To solve the problem, we need to find the sum of the coefficients \( a_2 + a_4 + a_6 + a_8 + a_{10} + a_{12} \) in the expansion of \( (1 + x - 2x^2)^6 \). ### Step-by-Step Solution: 1. **Understanding the Expression**: We start with the expression \( (1 + x - 2x^2)^6 \). 2. **Using the Binomial Theorem**: The Binomial Theorem states that \( (a + b)^n = \sum_{k=0}^{n} \binom{n}{k} a^{n-k} b^k \). Here, we can treat \( a = 1 + x \) and \( b = -2x^2 \). 3. **Setting Up the Coefficients**: We want to find the coefficients of \( x^2, x^4, x^6, x^8, x^{10}, x^{12} \).
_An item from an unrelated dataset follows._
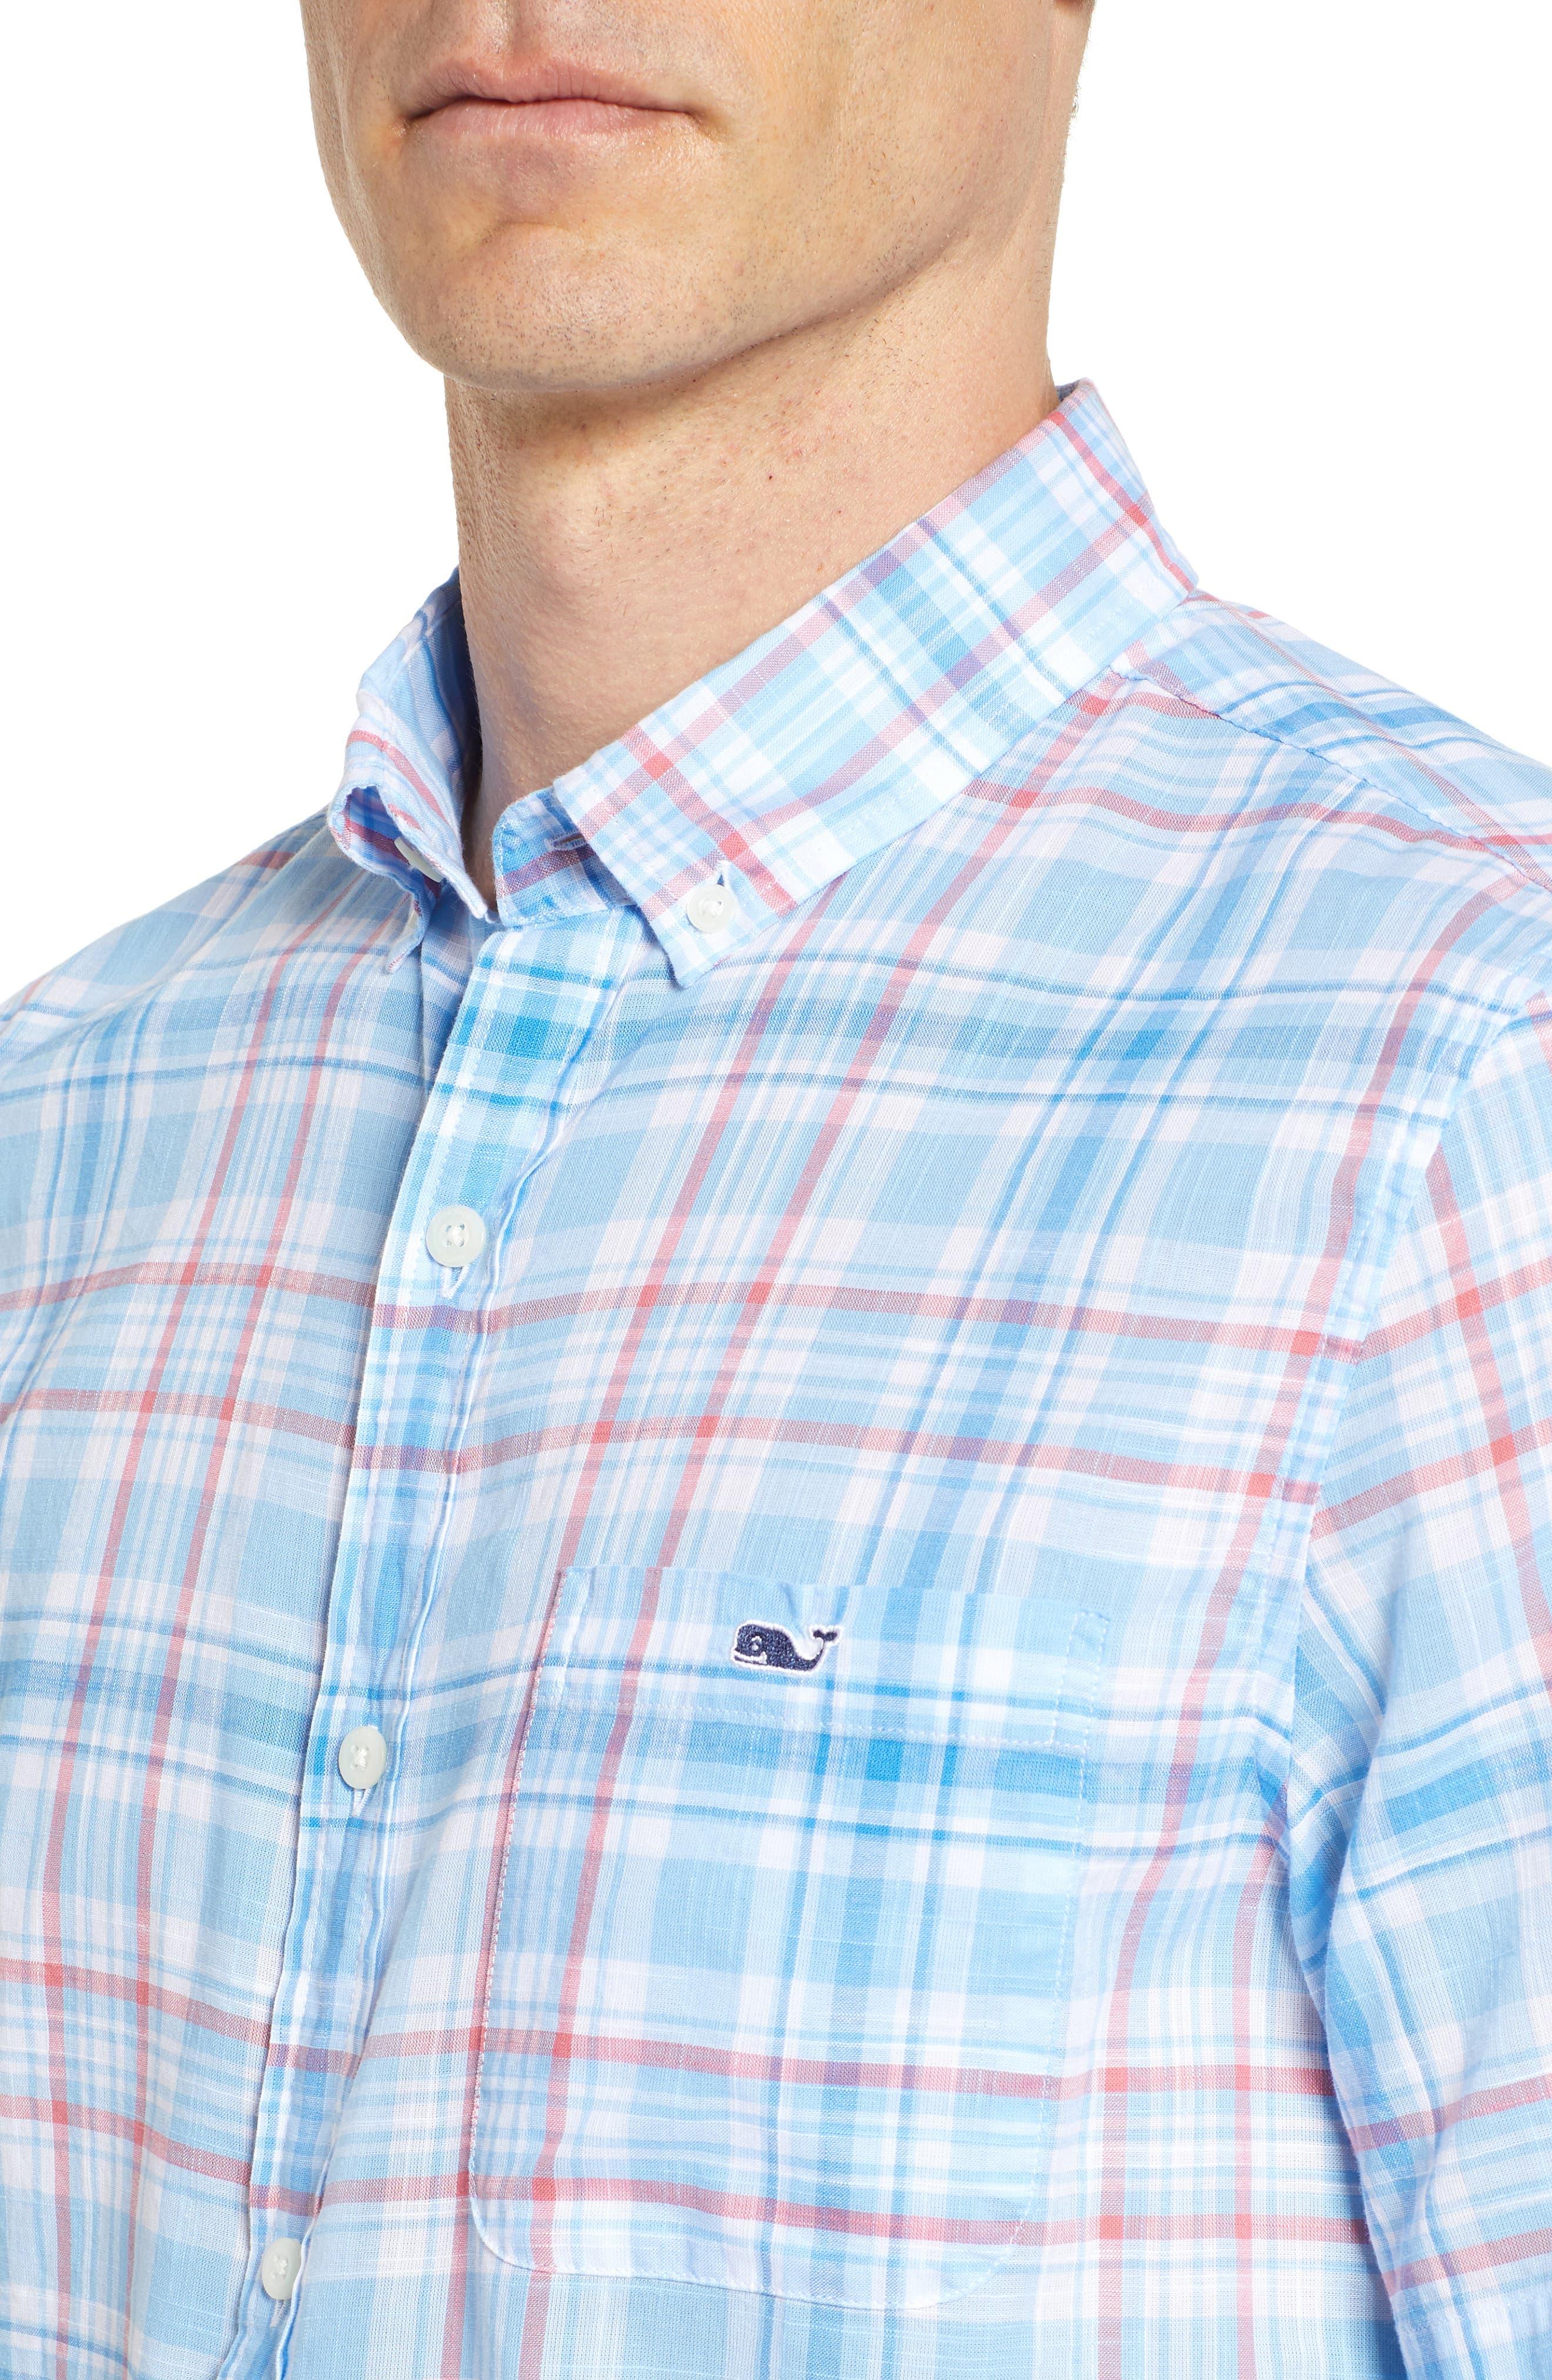 Fire Road Tucker Slim Fit Plaid Sport Shirt,                             Alternate thumbnail 4, color,                             484

To do this, we can evaluate the expression at specific values of \( x \). 4. **Evaluating at \( x = 1 \)**: First, we substitute \( x = 1 \): \[ (1 + 1 - 2 \cdot 1^2)^6 = (1 + 1 - 2)^6 = 0^6 = 0 \] This gives us: \[ 1 + a_1 + a_2 + a_3 + \ldots + a_{12} = 0 \quad \text{(Equation 1)} \] 5. **Evaluating at \( x = -1 \)**: Next, we substitute \( x = -1 \): \[ (1 - 1 - 2 \cdot (-1)^2)^6 = (1 - 1 - 2)^6 = (-2)^6 = 64 \] This gives us: \[ 1 - a_1 + a_2 - a_3 + a_4 - a_5 + a_6 - a_7 + a_8 - a_9 + a_{10} - a_{11} + a_{12} = 64 \quad \text{(Equation 2)} \] 6. **Adding Equations**: Now, we add Equation 1 and Equation 2: \[ (1 + a_1 + a_2 + a_3 + \ldots + a_{12}) + (1 - a_1 + a_2 - a_3 + \ldots + a_{12}) = 0 + 64 \] This simplifies to: \[ 2 + 2(a_2 + a_4 + a_6 + a_8 + a_{10} + a_{12}) = 64 \] 7. **Solving for the Sum**: Rearranging gives: \[ 2(a_2 + a_4 + a_6 + a_8 + a_{10} + a_{12}) = 64 - 2 = 62 \] Dividing by 2: \[ a_2 + a_4 + a_6 + a_8 + a_{10} + a_{12} = \frac{62}{2} = 31 \] ### Final Answer: Thus, the value of \( a_2 + a_4 + a_6 + a_8 + a_{10} + a_{12} \) is \( \boxed{31} \).